What's worse is that at least in the case of C++, a lot of things are undefined behavior all over the STL that happen a lot. The most common one I know of is when iterating in a vector, and modifying that vector to push or po items. Specification says when a vector is changed, any and all iterators pointing to it are invalidated. In practice, depending on how the STL is implemented, it will work just fine or might crash out with a very hard to debug error. This is because a vector might have to realloc() itself into a larger memory block and change the underlying pointer; sometimes the iterator is pointed at a stale copy of the array, sometimes it dangles. Since you have no enforcement of dangling pointers in the language, well, boom.
Still always moving
(Score: 0) by Anonymous Coward on Thursday February 16 2017, @08:53PM
Um, negative indices are defined behavior in C and C++. Accessing memory outside of the array is what is undefined. If I had a pointer that pointed to the 4 element of an array, this is perfectly defined: p[-3].
(Score: 2) by NCommander on Thursday February 16 2017, @09:14PM
I didn't describe it well. Basically it was something like this.
int location_one;
int location_two;
int location_three;
int location_end;
printf("%d", location_end[-2]);
As far as I could tell, the entire point of it was to avoid having to do update calculations (i.e., have an array, and a macro with the length of an array). The location_end pointer was shared across to other code modules (due to being a flat memory model/no protection). I never understood the point of it, but in a lot of ways, that wasn't even the most WTFy thing I've seen in that codebase. Then again, a lot of microcontroller code is serious WTF.
Still always moving
(Score: 2) by fnj on Friday February 17 2017, @02:18PM
That call to printf will fail no matter what index you use; even 0. location_end is an int, not an int*. In fact the expression won't even compile.
gcc says "error: subscripted value is neither array nor pointer nor vector"
(Score: 2) by lgw on Thursday February 16 2017, @08:59PM
Sure, it's undefined, but I think all the compiler vendors actually do the same thing - check for reallocation in debug, and let it blow up with debug off.

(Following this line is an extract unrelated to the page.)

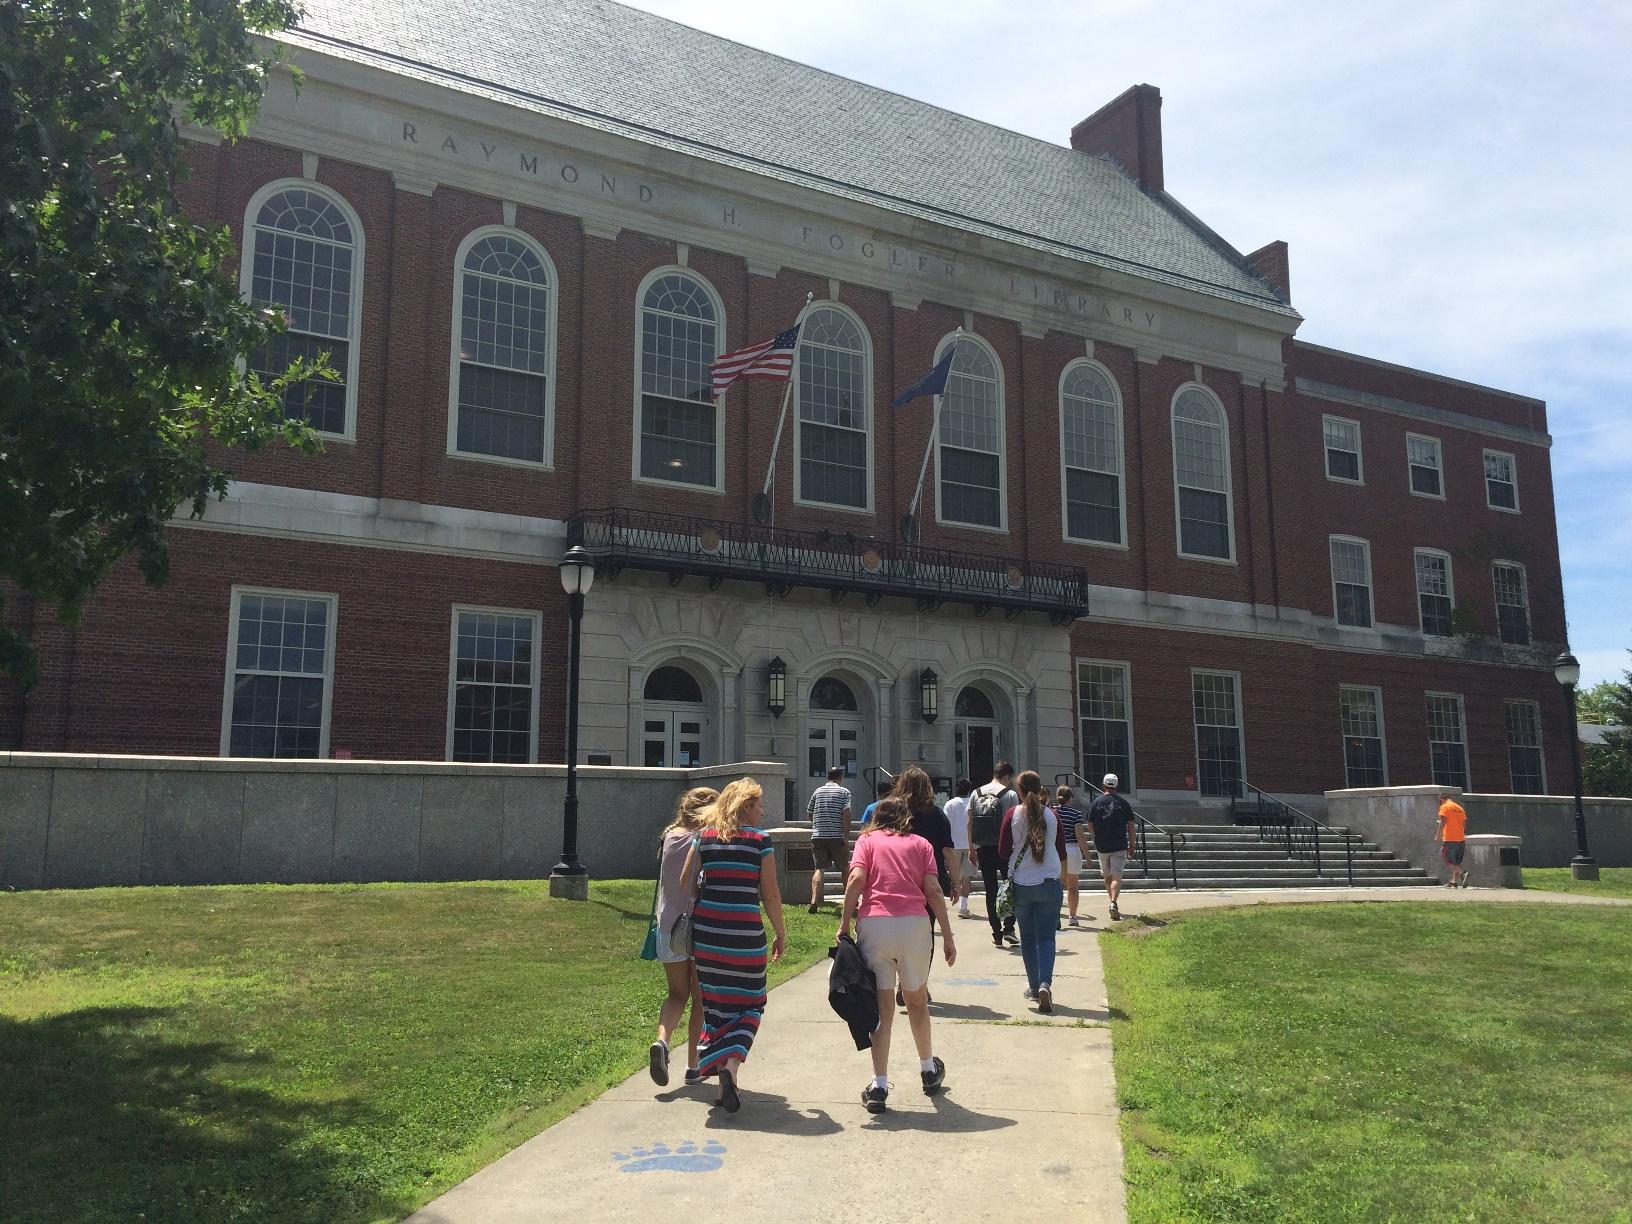 The University of Maine

It's odd though, and always bugged me, that there's not a "slow but safe" choice in this case. Offering both the safe way and the fast way makes sense for fundamental library actions, as with index-based element access.
(Score: 2) by c0lo on Thursday February 16 2017, @11:07PM
C++/STL does have the safe but slow - at(size_type ) [cppreference.com] .
https://www.youtube.com/watch?v=aoFiw2jMy-0 https://soylentnews.org/~MichaelDavidCrawford
(Score: 2) by tibman on Thursday February 16 2017, @04:48PM
Just looking at it there seems to be an assumption that undefined values == undefined behavior when that is not the case. The compiler is preventing undefined behavior by introducing undefined values and non-signaling NaNs. I guess that is the point of what they are saying? But equating the two seems wrong to me. Permitting undefined behavior is still unsafe. Like throwing @ signs around bugs in PHP or try/catches around random errors in java/c#. All kinds of side-effects and dealing with the resulting UB is not fun. Relying on the compiler to fix undefined behavior seems like a bad idea? If you overflow a number then it should blow-up in your face and not invent some "safe" value to continue. Seems like an area where there are a lot of opinions though.
SN won't survive on lurkers alone. Write comments.
(Score: 2) by meustrus on Thursday February 16 2017, @05:04PM
I thought the same thing looking at `undef`, but when it gets to `poison` that's where undefined behavior comes in. It's still not the "external undefined behavior" we are supposed to avoid, however.
If there isn't at least one reference or primary source, it's not +1 Informative. Maybe the underused +1 Interesting?
(Score: 0) by Anonymous Coward on Thursday February 16 2017, @05:06PM
Programmers really are getting dumber and dumber. Undefined behavior IS dangerous and stupid, and is NOT a design decision.
(Score: 2) by DannyB on Thursday February 16 2017, @05:29PM
Sometimes undefined behavior is a decision made in the language specification. IMO that is a bad idea for portability. I think a language specification that leaves things "implementation defined" are almost as bad as undefined.
The lower I set my standards the more accomplishments I have.
(Score: 0) by Anonymous Coward on Thursday February 16 2017, @08:49PM
No sh*t. I don't know how any of what you said disputes what I said. At least with implementation defined, the vendor is required to document the behavior. If a language standard marks something as undefined behavior, you should NOT do it.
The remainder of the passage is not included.